Research output: Contribution to journalArticle

Abstract

Subpicosecond transient Raman spectroscopy has been used to study electron transport properties of an In0.53Ga0.47As based p-i-n nanostructure. Both the electron distribution function and the electron drift velocity have been directly measured as a function of the photoexcited electron-hole pair density.

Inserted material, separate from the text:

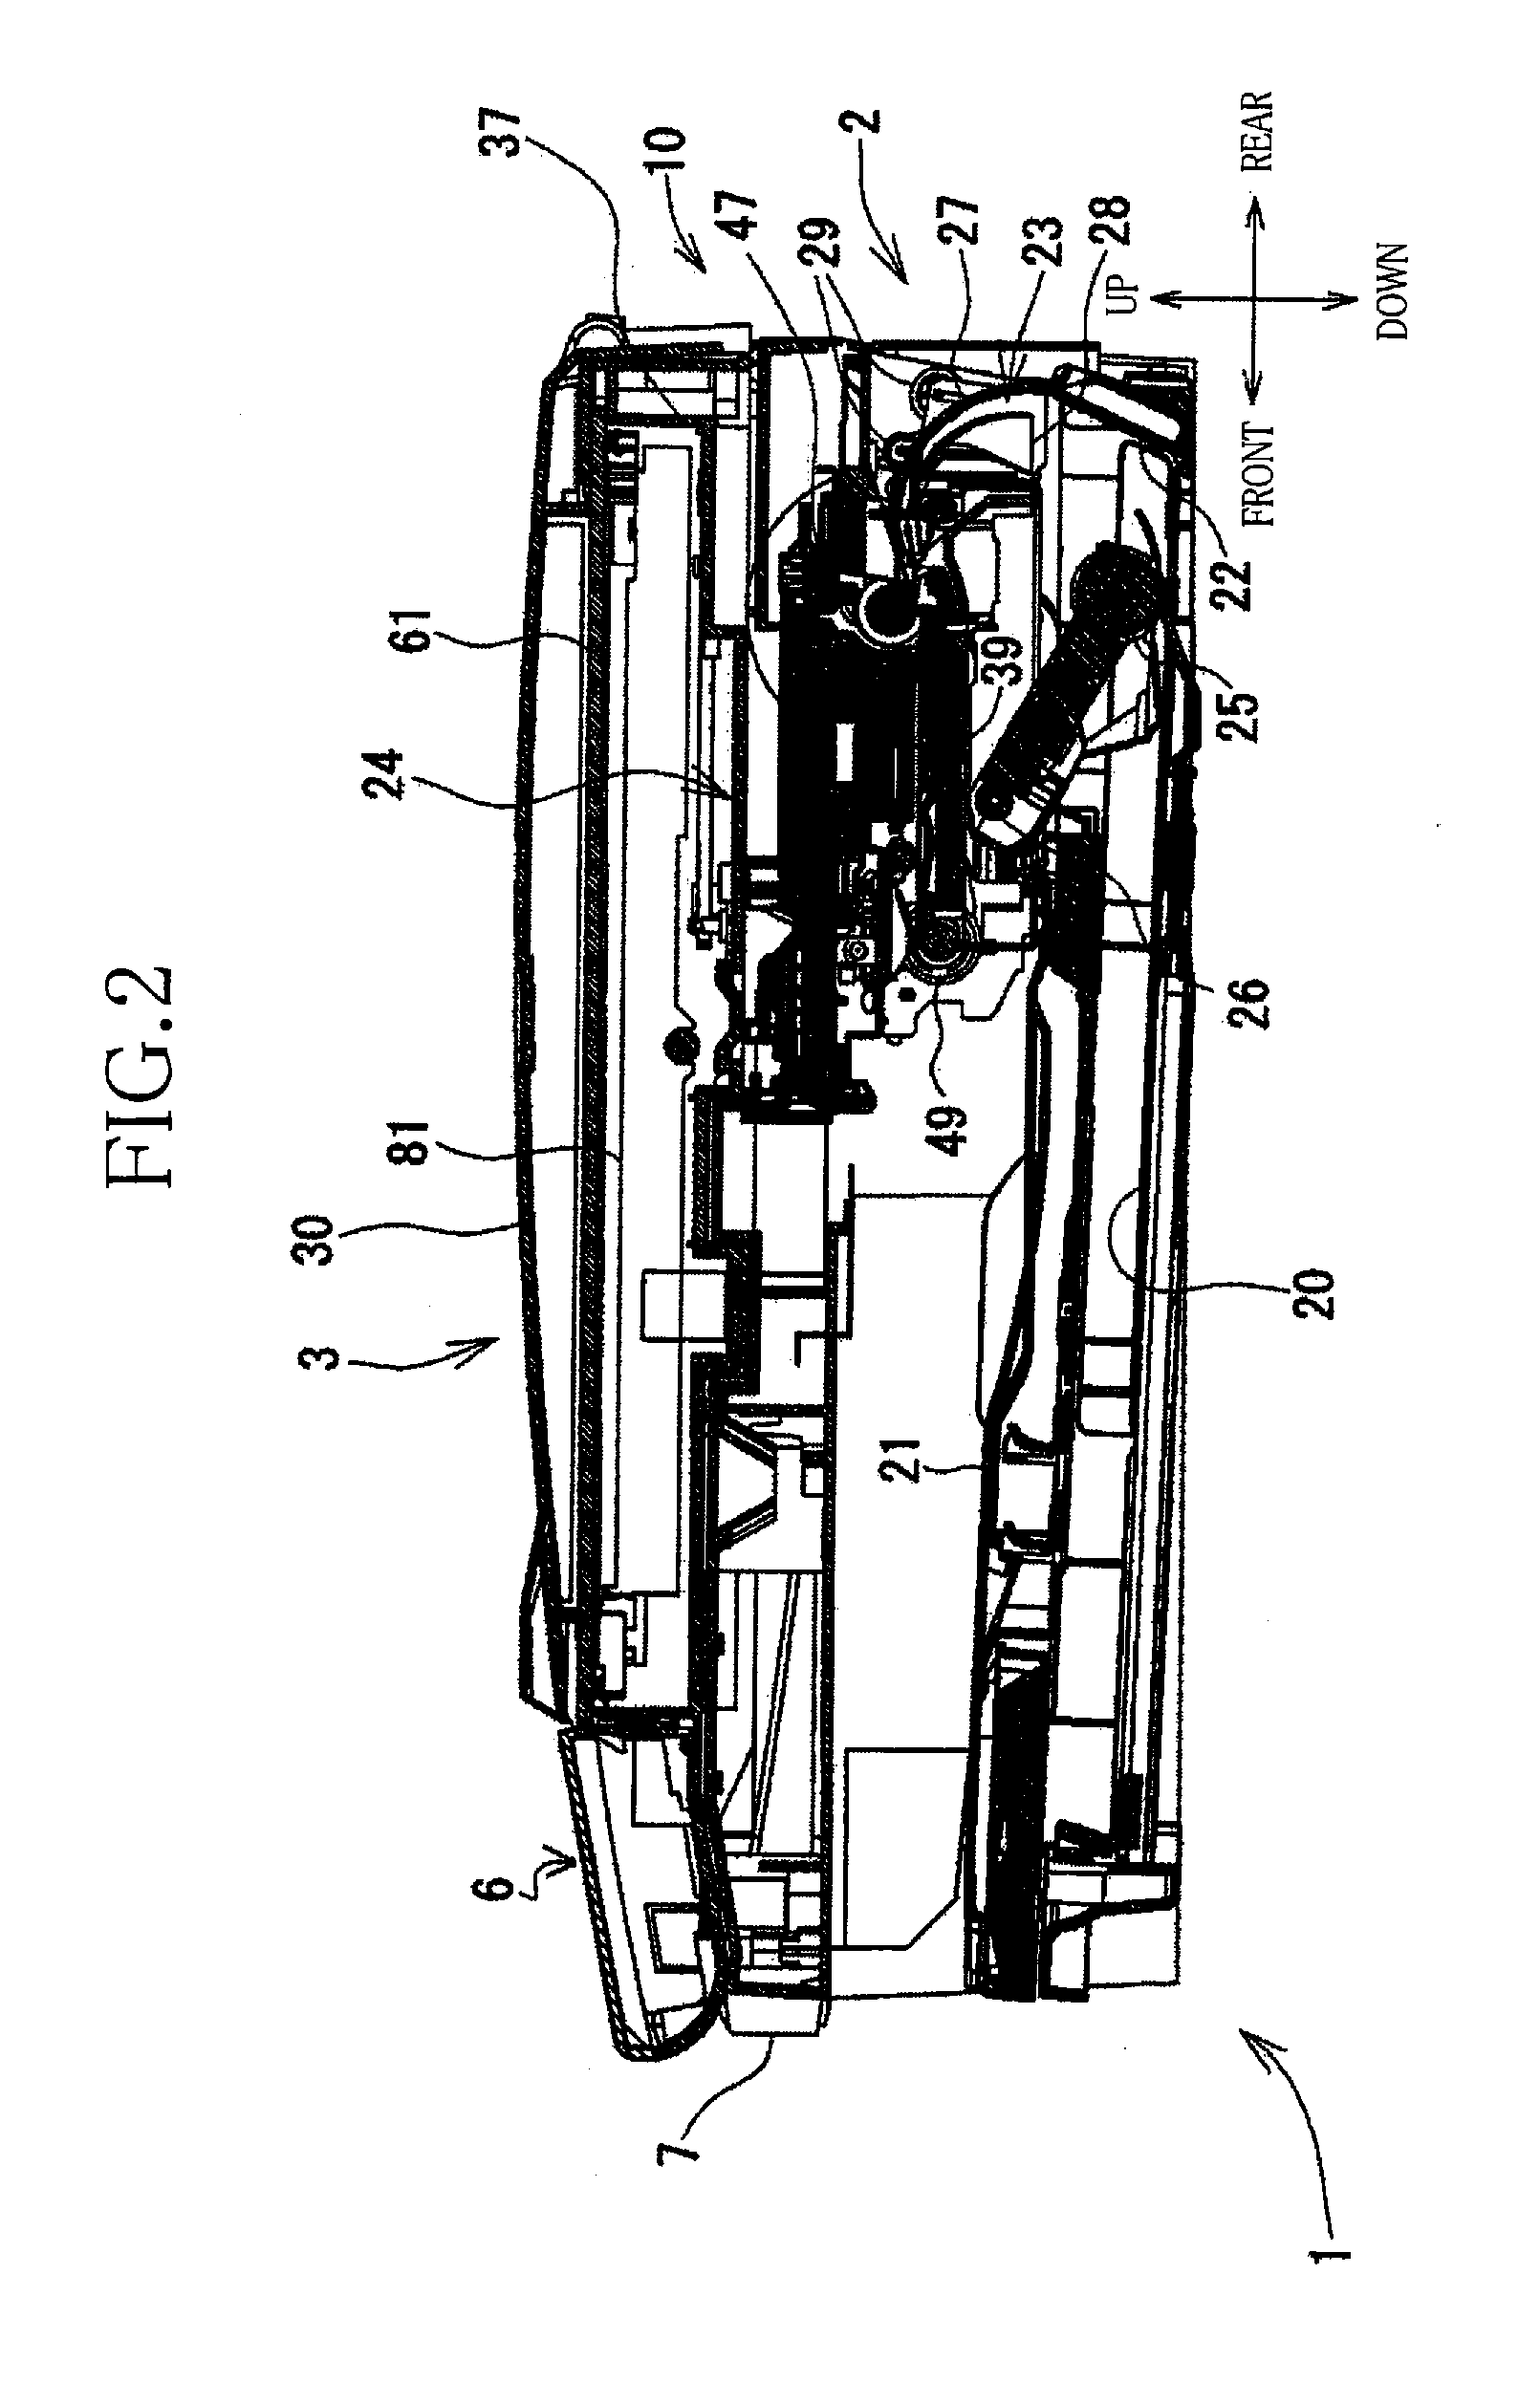 Opening and closing assembly, and multifunction device including the assembly

We have found that, at low electron-hole pair densities such as n ≤ 5 × 1016cm-3, the electron distribution function has an extremely non-Maxwellian shape. However, as the photoexcited electron pair density gradually increases, the non-Maxwellian distribution gradually evolves into a shifted Maxwellian distribution. We attribute these findings to the direct effects of the role of electron-electron scattering in momentum randomization.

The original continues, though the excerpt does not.